This is a guest post from Nathan Williams, Archives Assistant.
For four days of a working week I can largely be found on the front desk of the Borthwick Institute assisting people with their research, fetching up documents within our vast holdings, and assisting people with interpreting the materials they have in front of them. Part of the role of an Archives Assistant is one of providing researchers with the tools of discovery.
On the fifth day of a working week I don a different cap altogether, for on Thursday I head on up to Jen Mitcham’s office to help with a different challenge altogether: digital preservation.
So it was somewhat of a pleasant surprise when I received an email circulated through the jisc-digital-preservation list regarding the beta launch of COPTR or the Community Owned digital Preservation Tool Registry. Ok, so my title is silly, but here’s why it really should stand for “Making my Thursday much easier”:
- As an institutional repository with strong University, Research, Diocesan and local and national collections of import, we have varying and ever-increasing demands on our ability to manage digital objects.
- We don’t currently have an overarching OAIS-compliant preservation system, but we still have to take action on digital objects both in our care and yet to be created.

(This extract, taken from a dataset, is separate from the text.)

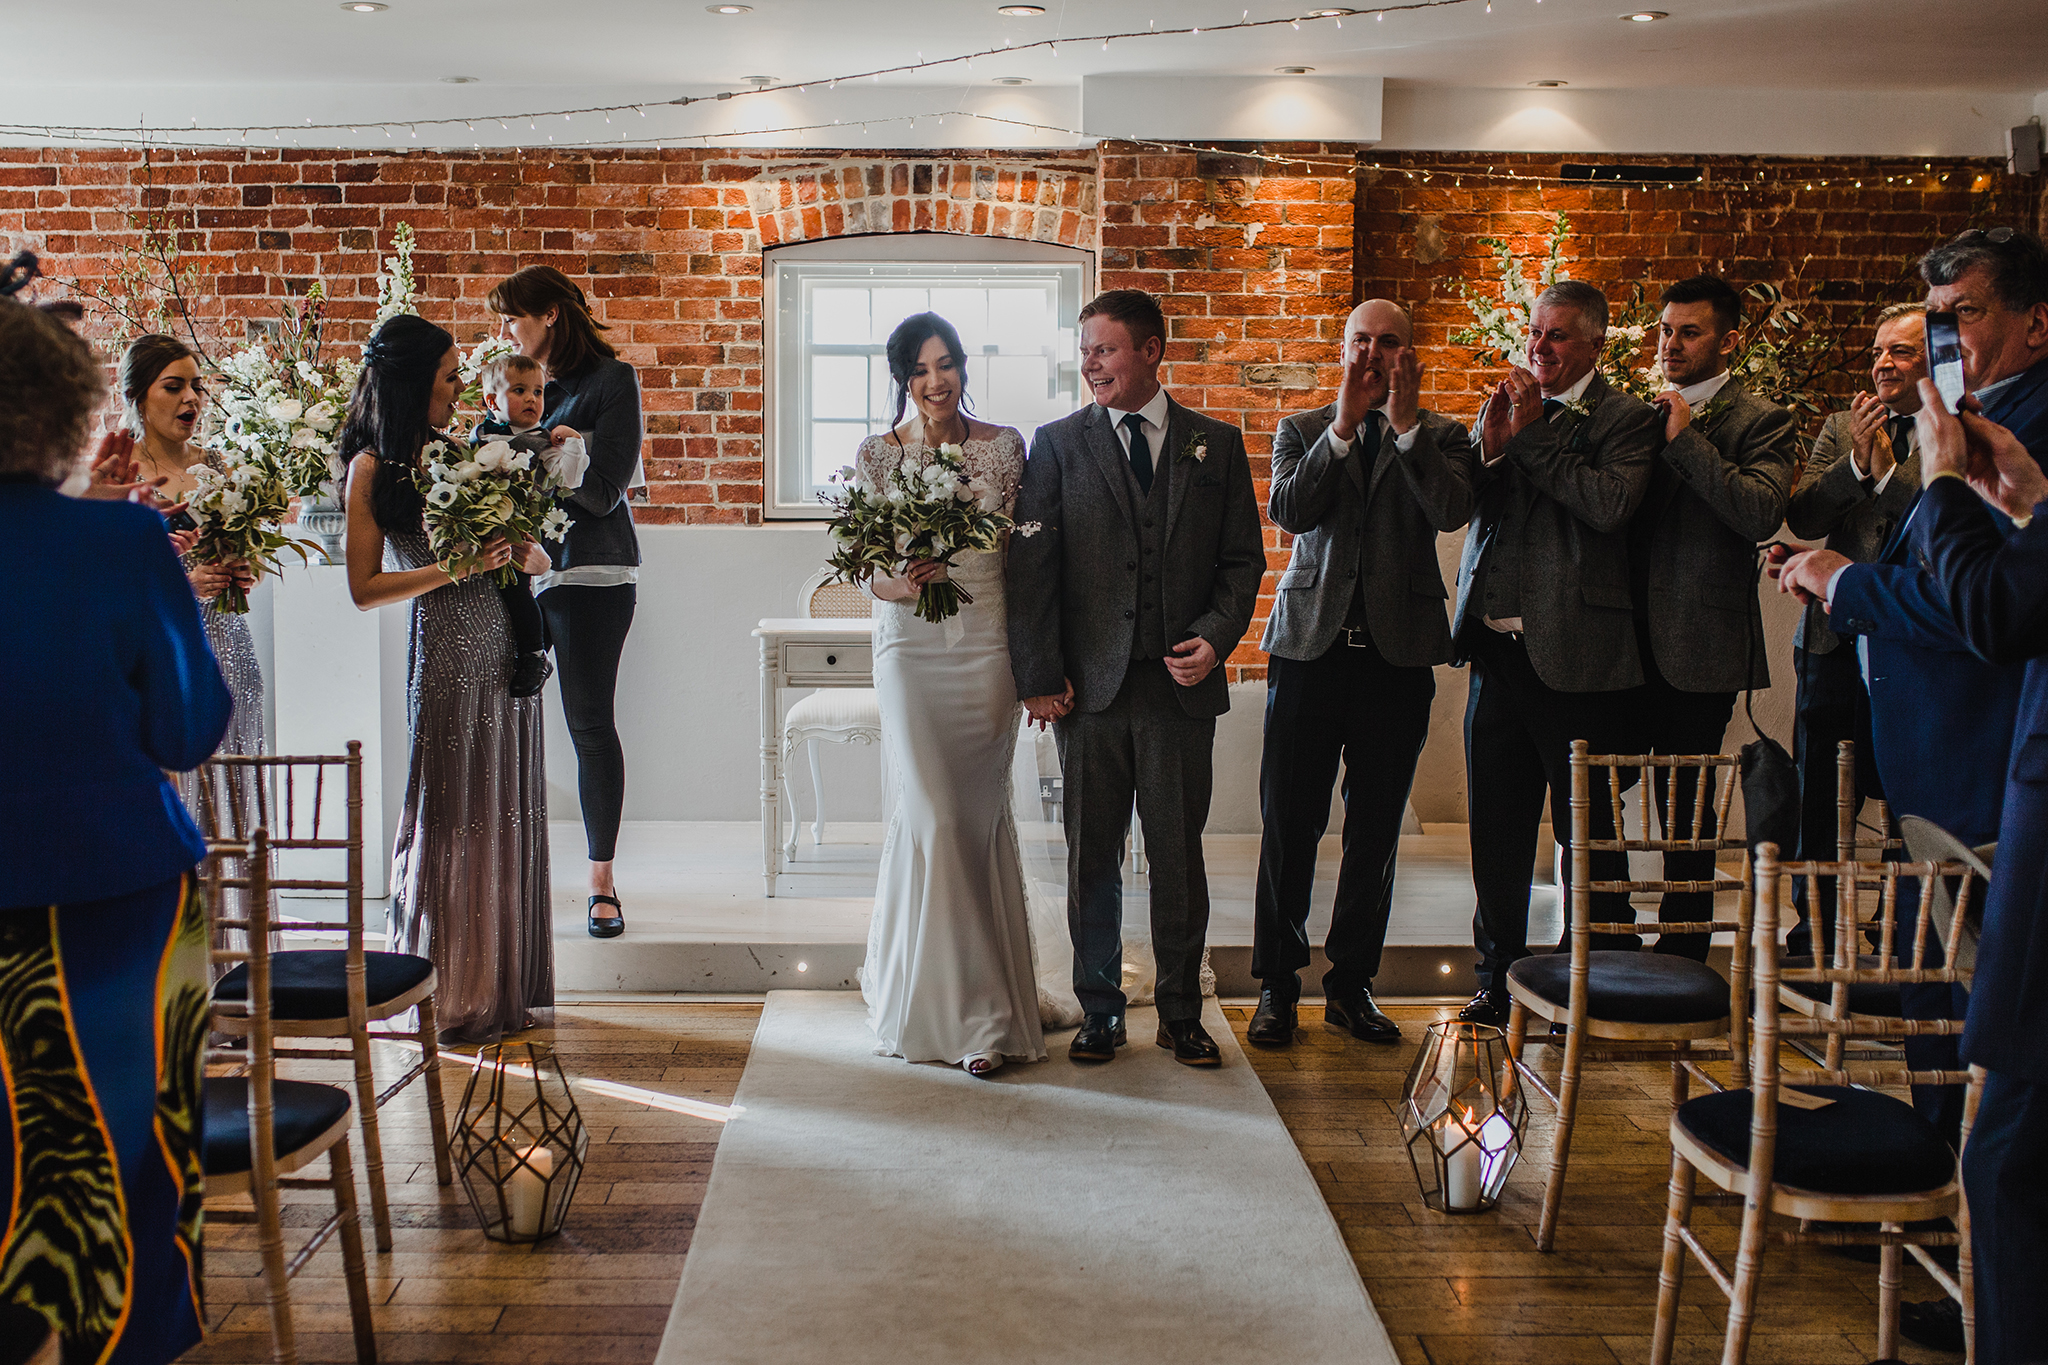 wide view of wedding room with bridal party

- We have to act but resources are limited and the correct tools, used properly, can help us to act now instead of risking our digital assets.
- Sometimes finding those tools, especially for the entry level practitioner, isn’t easy - COPTR should help to make it easy.

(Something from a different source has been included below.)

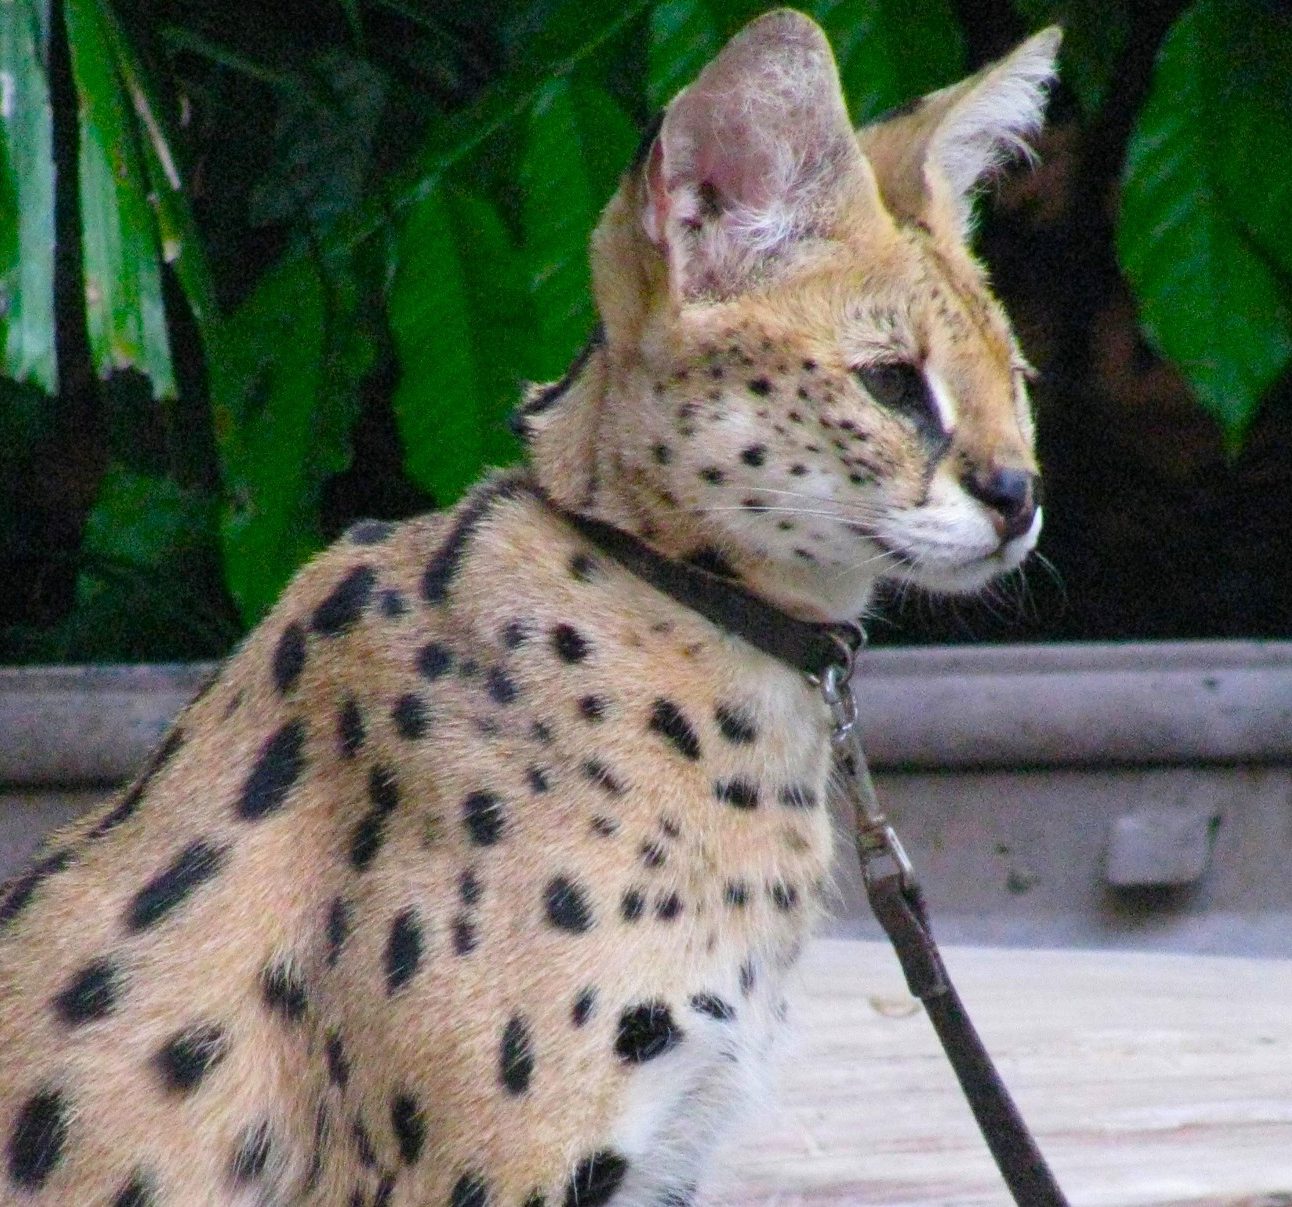 A serval cat wearing a collar and lead

Here are just a few potentially great things about it:
- It’s working to collate all the information that’s currently out there into one place.
- It’s managed by us.
- It’s browse function already looks really promising - show all the tools, or tools by functional category, or even tools by content they act upon. I don’t think it can be overstated how useful this is for the entry level practitioner!
- It brings together advanced and entry level practitioners and allows for collaboration across the digital preservation spectrum.
- User experiences go beyond just descriptions but actually provide use cases and general experiences from people who have used a tool. These sections will hopefully get a lot more material added to them as time goes on.
- There is already quite a bit to get your teeth into and entries are added to all the time - the activity log already looks promising.